On July 17, 1963, Joe Hicks crashed an 11th-inning homer for a rare walk-off win against the New York San Francisco Giants at the Polo Grounds (Box). For the visitors, Willie Mays went 2-5 with a triple and Willie McCovey swatted one out of his old West-155th-street home. But the hapless Mets, 32-61, beat Gaylord Perry to win the game and claim the town.

A decade later (Box), the Mets faced down the Braves while six runs in the hole in the visitor's ninth. With one out and one on, Rusty Staub lifted a pitch into the seats. Then, John Milner took his swing and followed Cleon Jones through the circuit for another two-run blast. Down to their last out with empty bases, two singles squeaked the Mets to within a run, leaving Beauchamp and Kranepool at the corners with Willie Mays at the bat -- for our side. Willie found a pitch he liked and streaked it into the outfield. Beauchamp raced like a thoroughbred around from first base to score. And the Mets, with an 8-7 victory, completed one of the greatest comebacks in blue and orange history.
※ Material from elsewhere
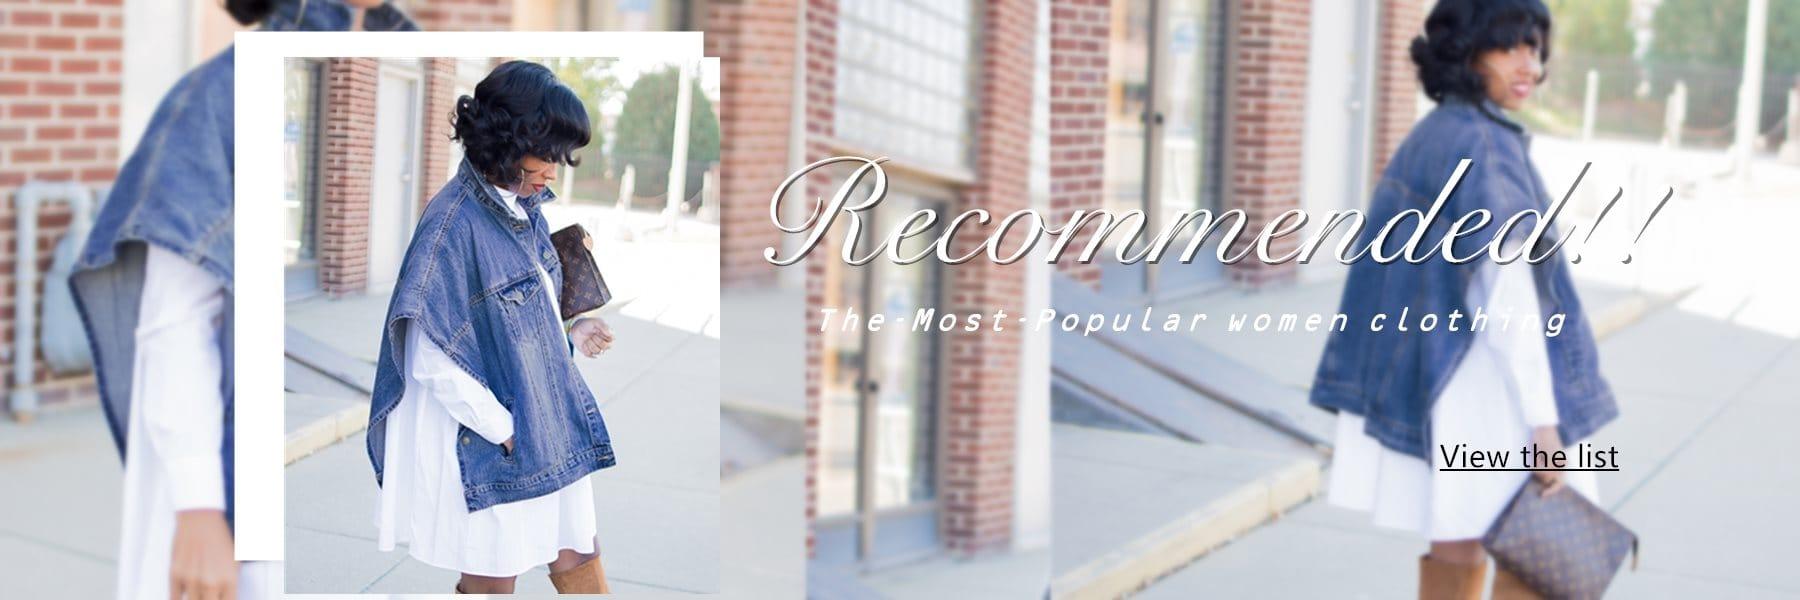 Wholesale Women Best-selling Styles
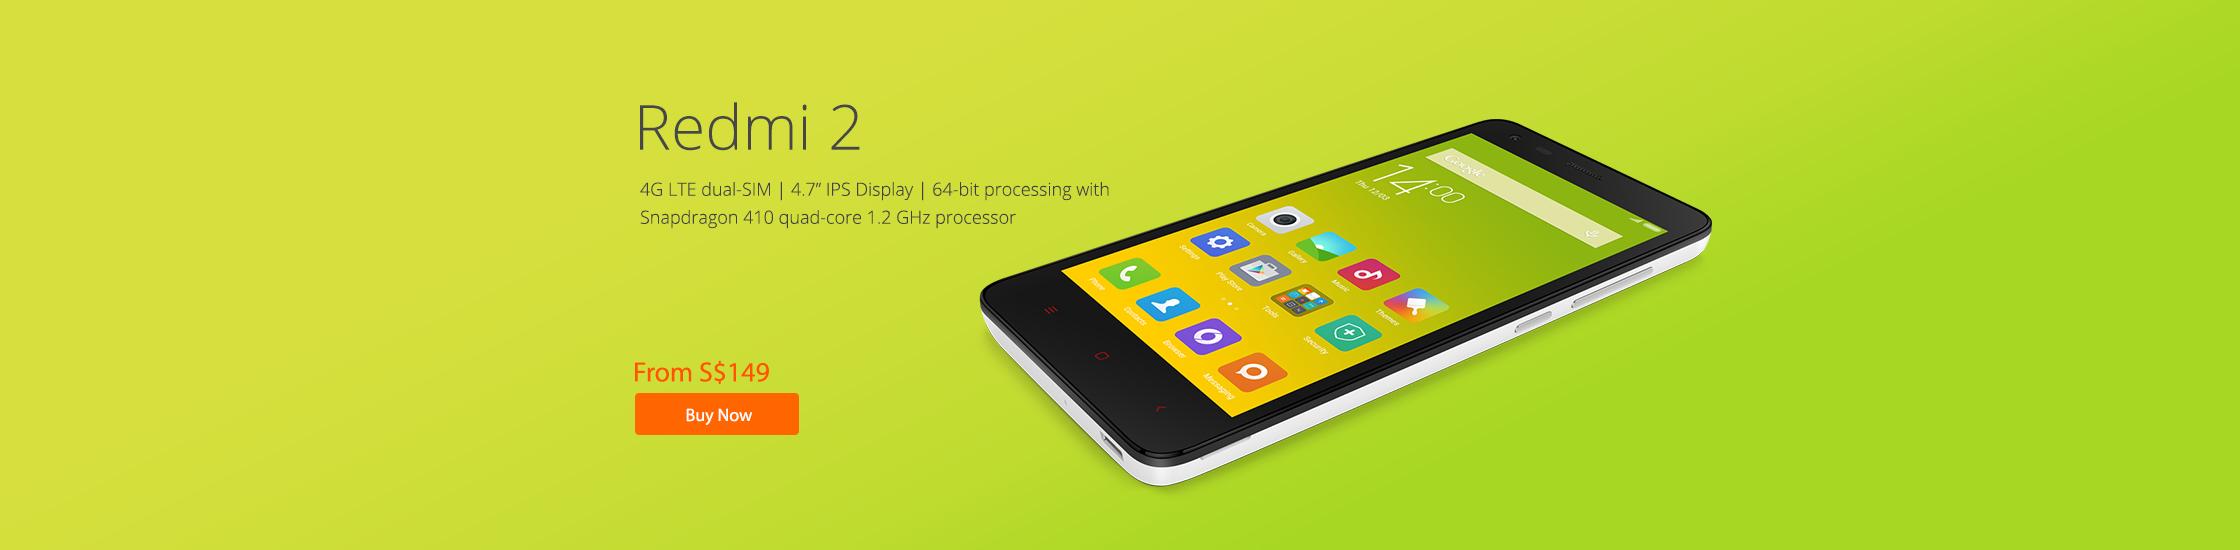 Redmi 2 - Buy Now

Amazin'-ly Tenuous Connection

On July 17, 1938, Douglas "Wrong Way" Corrigan lifted off from Floyd Bennett Field in Brooklyn, ostensibly for a return trip to California. Twenty-eight hours later, he landed in Dublin. Floyd Bennett Field is today a hub of South Asian and West Indian cricket. It is connected to the Rockaways via the Gil Hodges Memorial Bridge.